Chuck Berry, Father Of Rock’n’Roll

Charles Edward AndersonChuck” Berry, padre riconosciuto del Rock’n’Roll e precursore chitarristico nasce a St. Louis, Missouri il 18 ottobre del ’26. Una vita romanzesca, un’altalena emotiva che caratterizza esistenza e carriera di Chuck, un saliscendi che porta Berry spesso sulle giostre. Il musicista vola in testa alle classifiche per poi crollare in fondo al baratro con la stessa velocità e semplicità con la quale da giovane Chuck conosce galere e riformatori. A metà degli anni cinquanta Muddy Waters lo raccomanda alla Chess Records e lui debutta con Maybellene, il successo è fragoroso e immediato; con Maybellene nasce un genere, il Rock. Nel giro di pochi anni Berry sforna hit a ripetizione plasmando la musica mondiale, Johnny B.Goode (leggendario inno del rock spedito nello spazio con il programma Voyager per raccontare ad eventuali forme di vita aliene la cultura sulla Terra), Roll Over Beethoven, Rock and Roll Music e tante altre, fino al ’61 quando ricasca nelle vecchie abitudini; Chuck viene arrestato con l’accusa di pedofilia poi ritrattata. Questo oscuro periodo sminuisce, incrina la fama del cantante che riprende la via del Rock’n’roll dopo aver scontato tre anni di carcere. Cambia etichetta e sopravvive al suo mito grazie alla grande popolarità dei suoi brani ripresi, apprezzati dalle band inglesi di riferimento Beatles e Rolling Stones che coverizzano i successi di Berry visto e adorato come un’icona, un’ispirazione.

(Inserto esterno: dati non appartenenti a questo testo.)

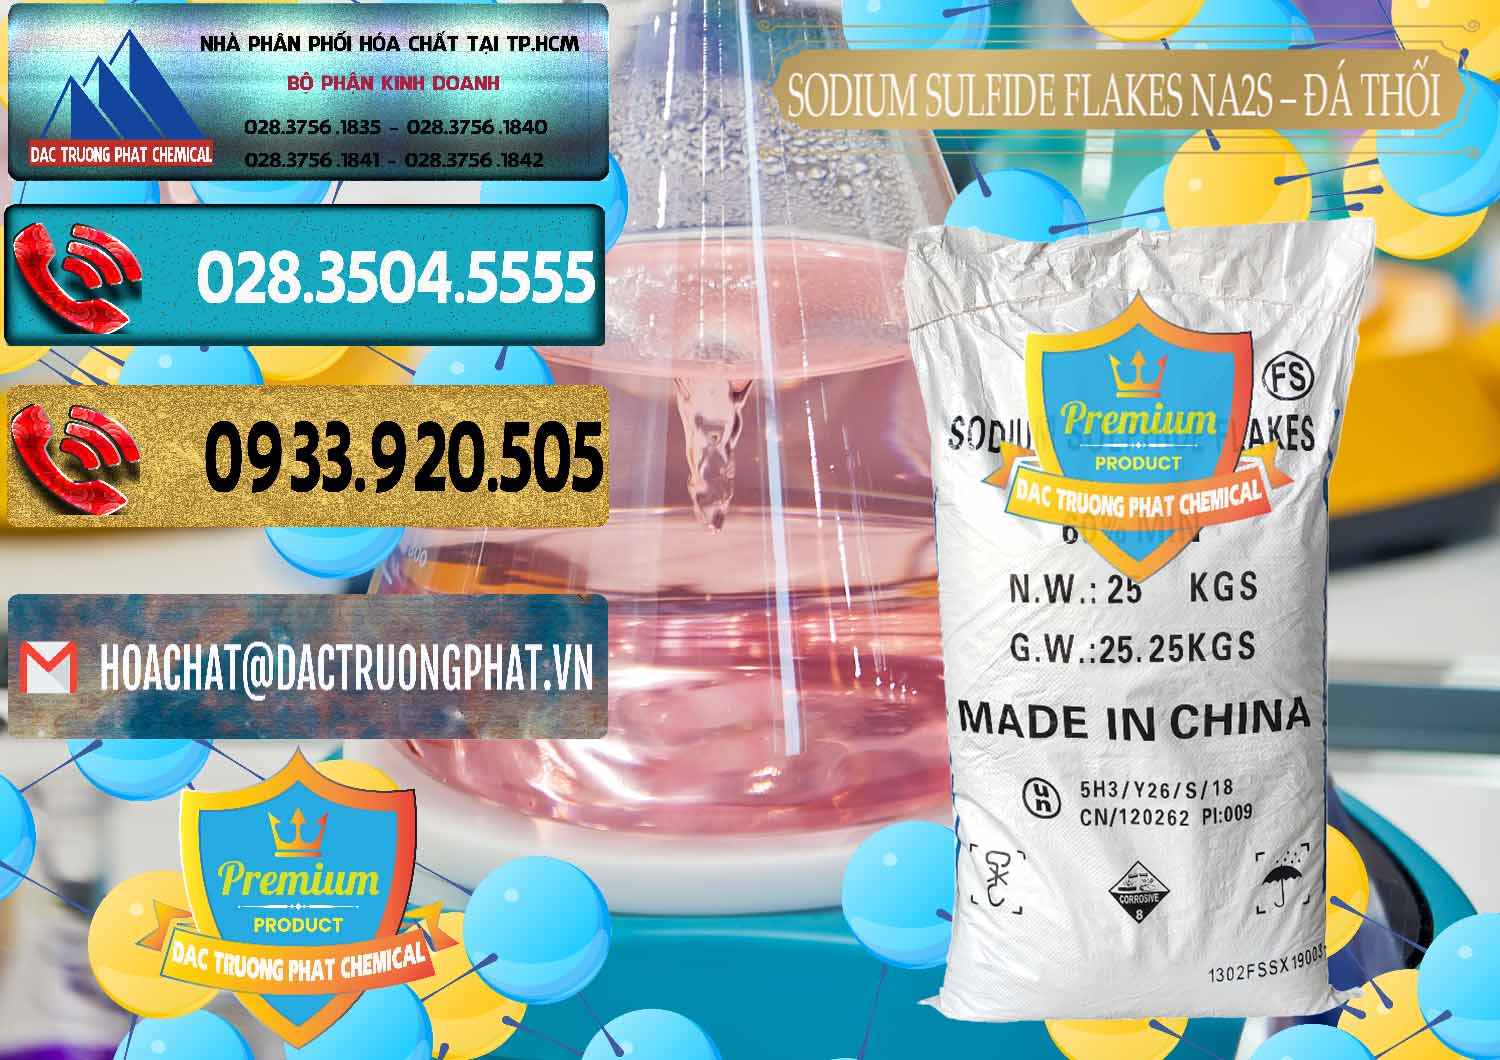 Cty cung ứng _ bán Sodium Sulfide Flakes NA2S – Đá Thối Đỏ Trung Quốc China - 0150 - Công ty chuyên cung cấp - nhập khẩu hóa chất tại TP.HCM - hoachatdetnhuom.com

“Quando sento del buon rock, come quello di Chuck Berry, cado praticamente in ginocchio. Nient’altro della vita mi interessa. Il mondo potrebbe finire e non me ne importerebbe”
John Lennon

“C’è stato un momento nella mia vita nel quale l’unica cosa che volevo era imparare a suonare come Chuck Berry”
Keith Richards

The greatest of the rock and rollers prosegue suonando quasi esclusivamente live tra picchi e scivoloni, spiegando musica, inciampando qua e là nella giustizia fino al 18 marzo 2017. All’orizzonte ci sono un singolo, un disco inedito dopo 38 anni pronto per esser lanciato ma l’inventore del Duck Walk quel giorno si spegne dopo novant’anni incredibili nella sua residenza di Wentzville.